* Instructions to follow: Take the lines from the one with "View of the" through the last line of the material below and write them out exactly, without any pictures.

* Data segment:
BEGIN

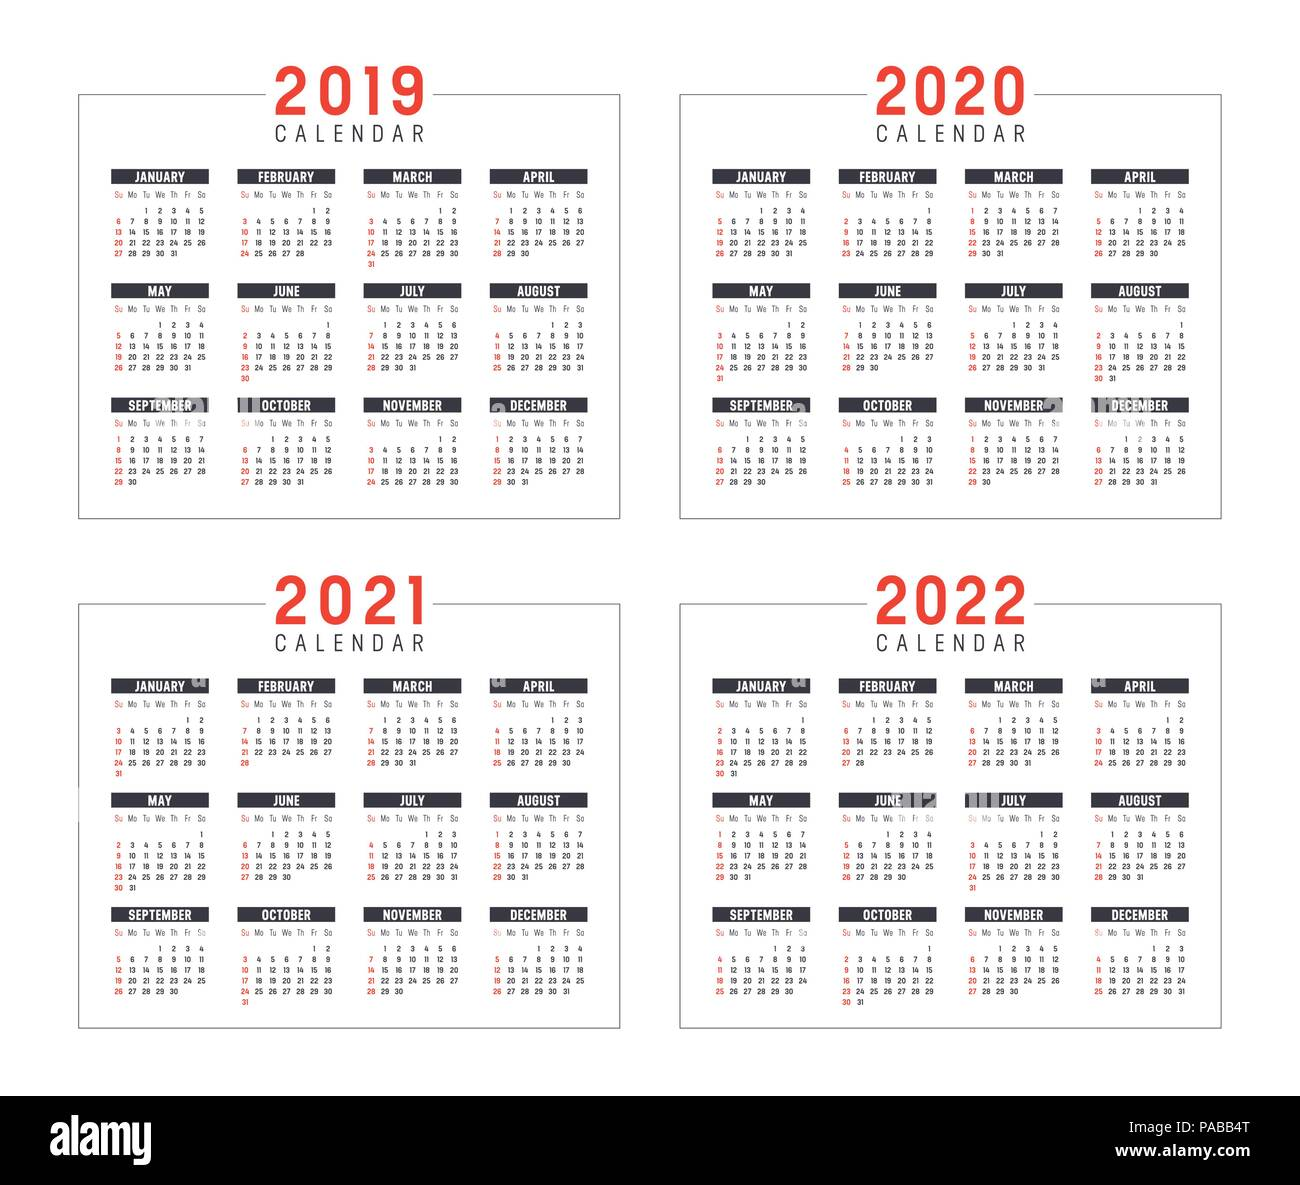 Calendario De Semanas.Conjunto De Calendarios Minimalista Anos 2019 2020 2021 2022
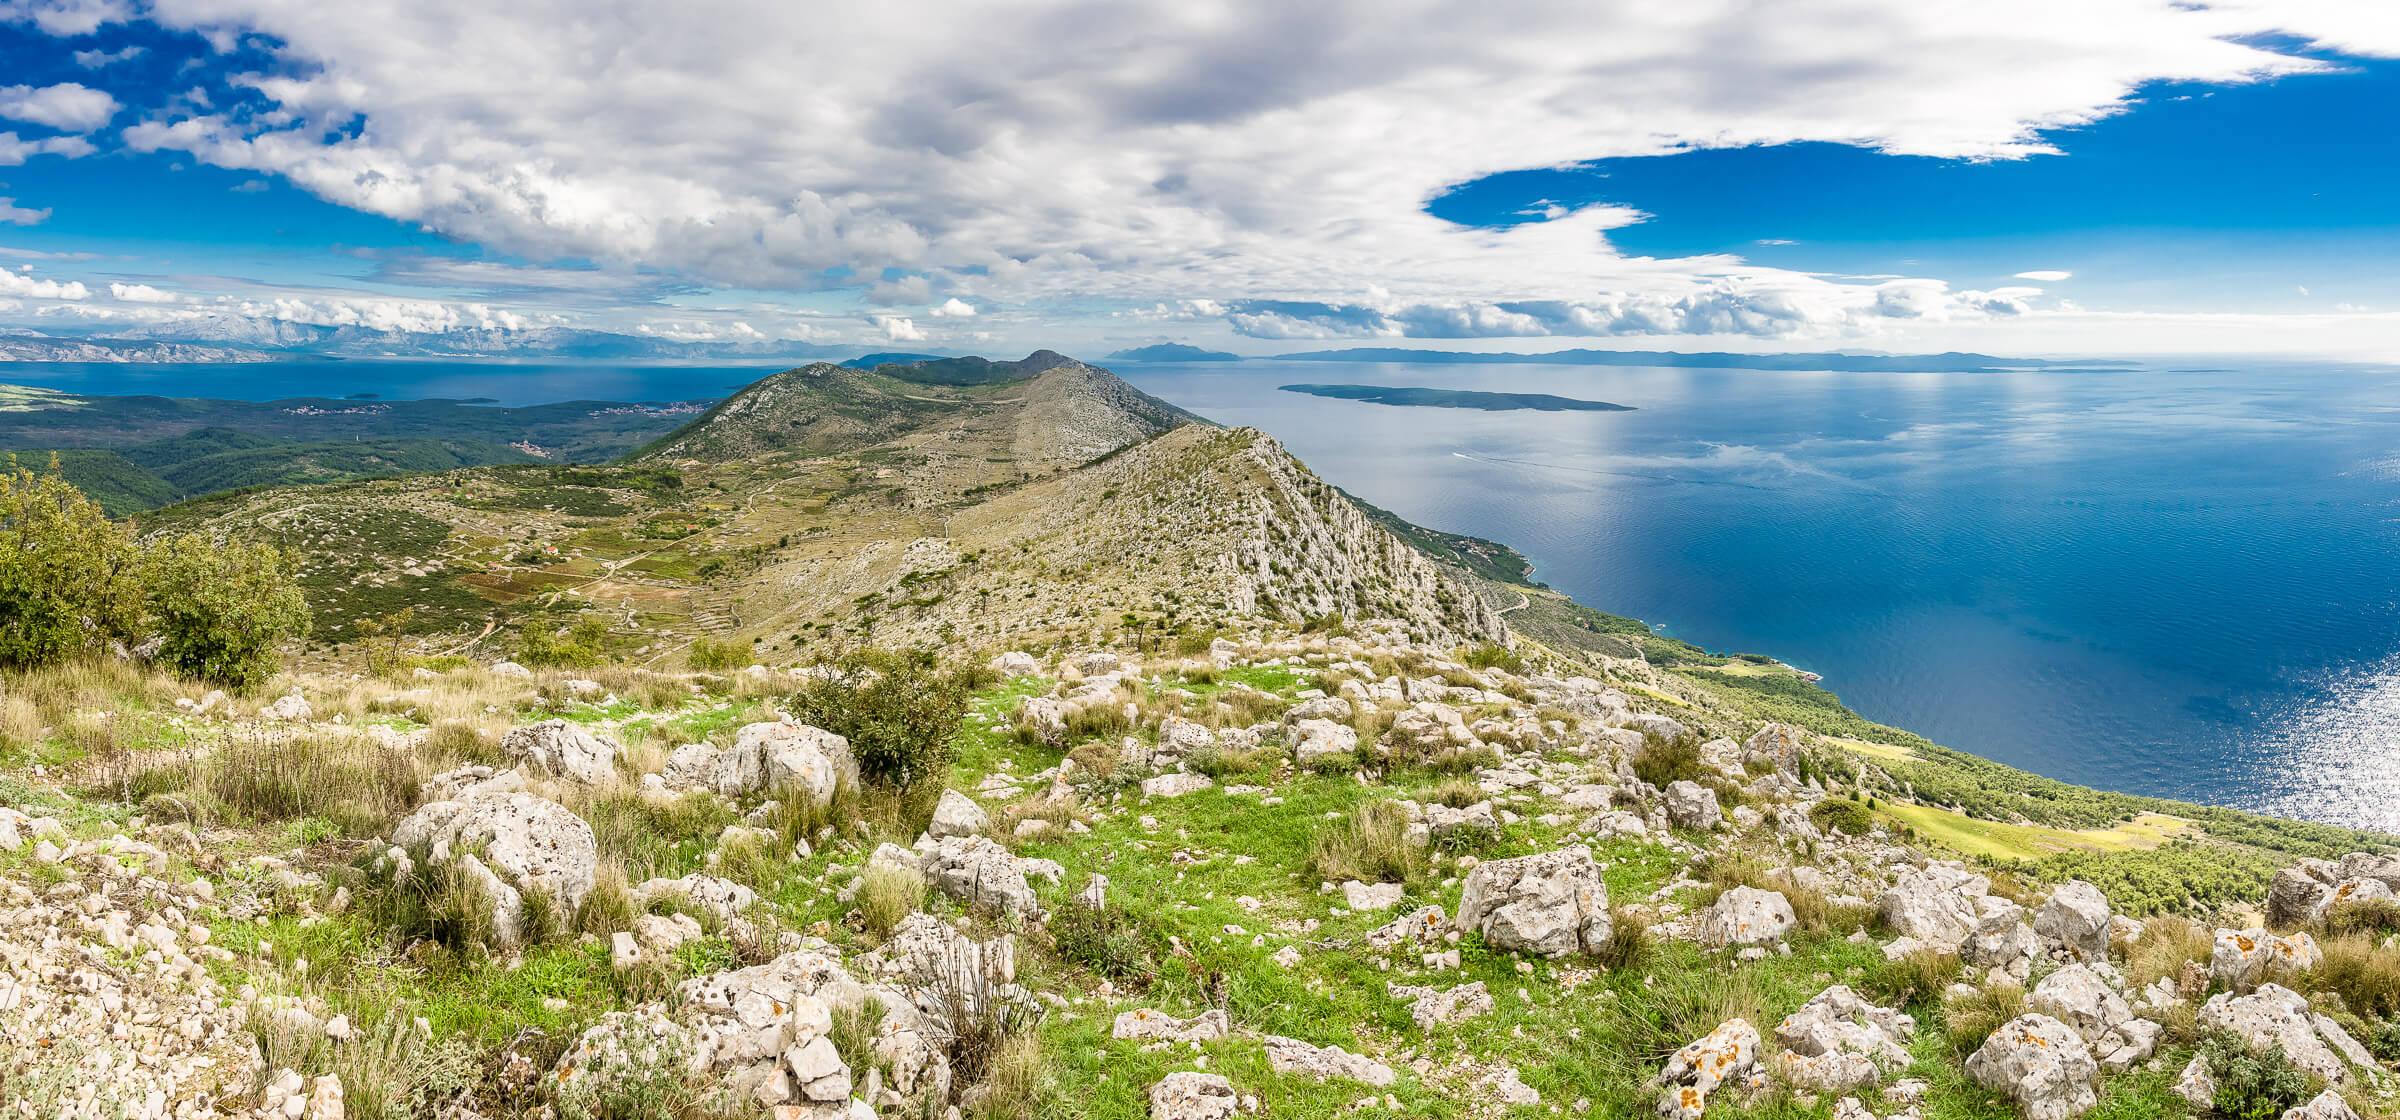 View of the island of Hvar, Croatia, from its highest peak - St. Nicolas
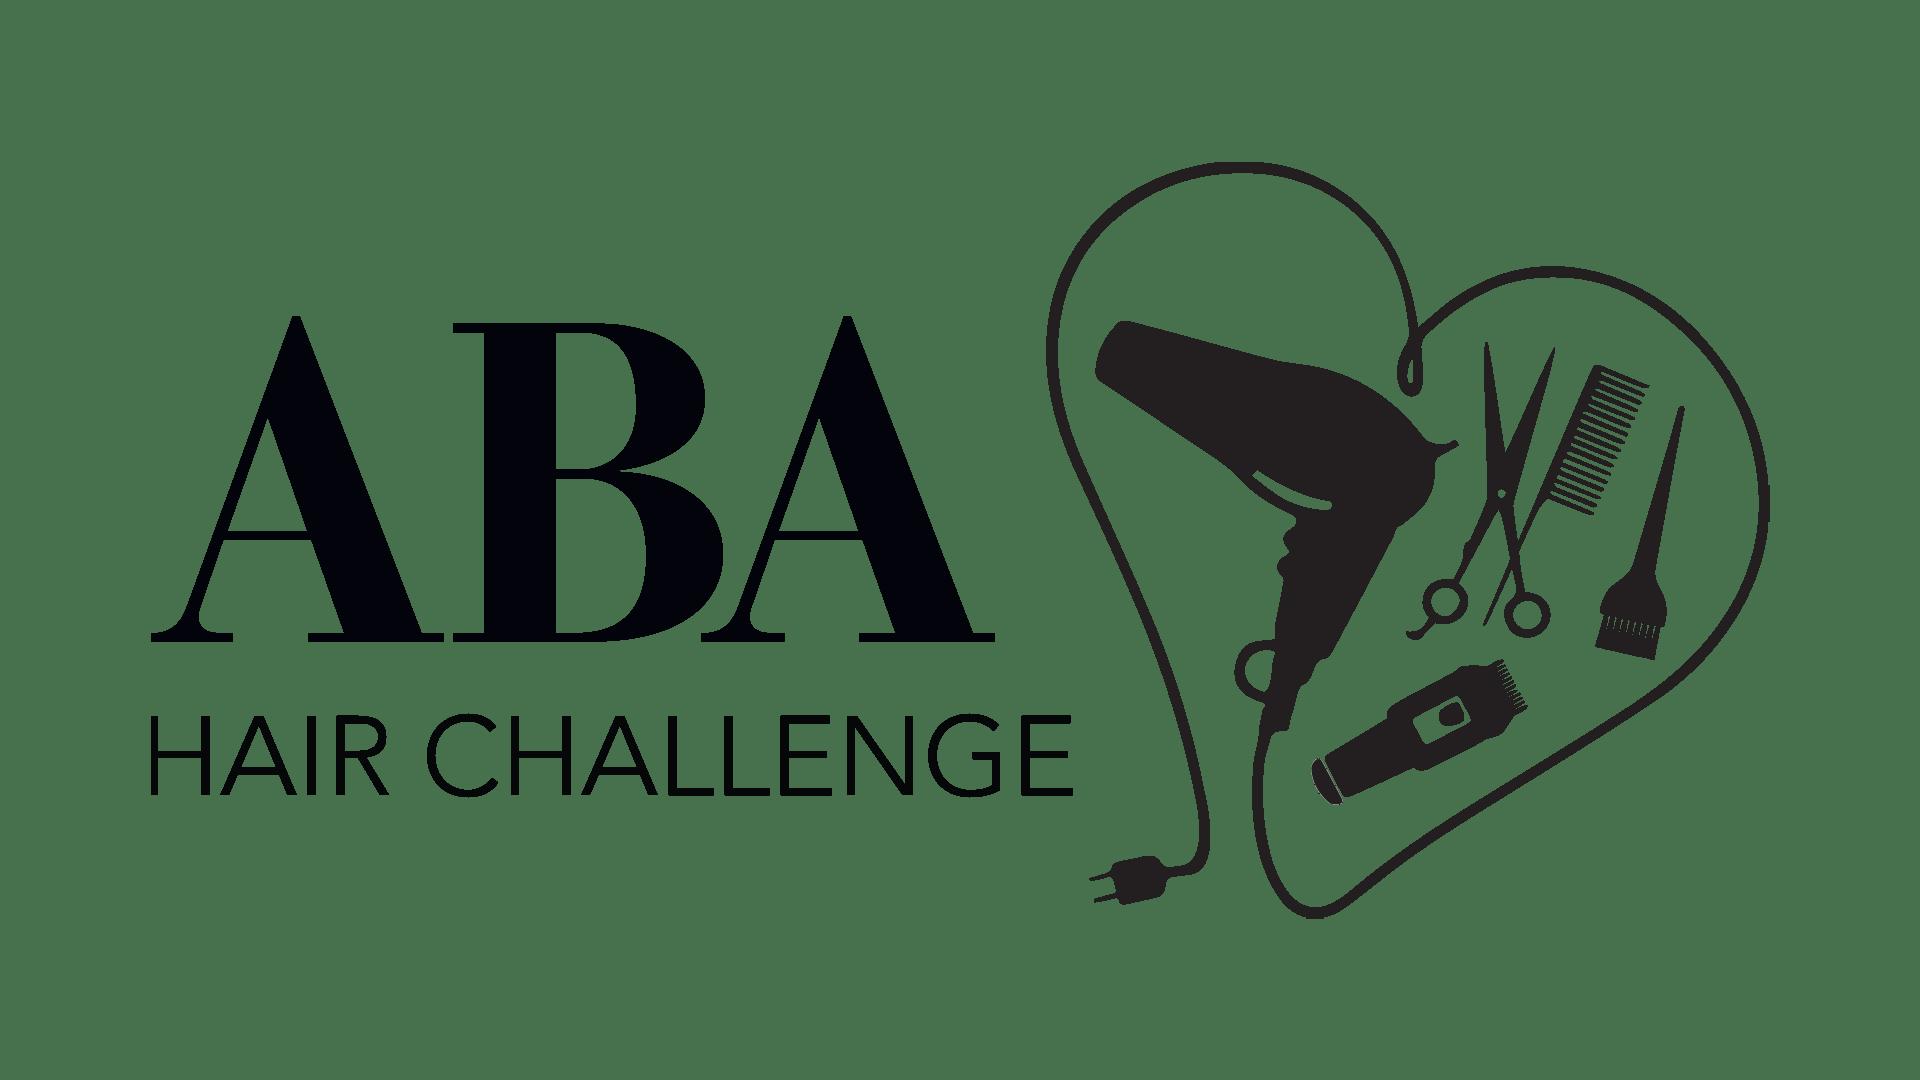 aba hair challenge logo

END

* Written answer:
 View of the island of Hvar, Croatia, from its highest peak - St. Nicolas
 aba hair challenge logo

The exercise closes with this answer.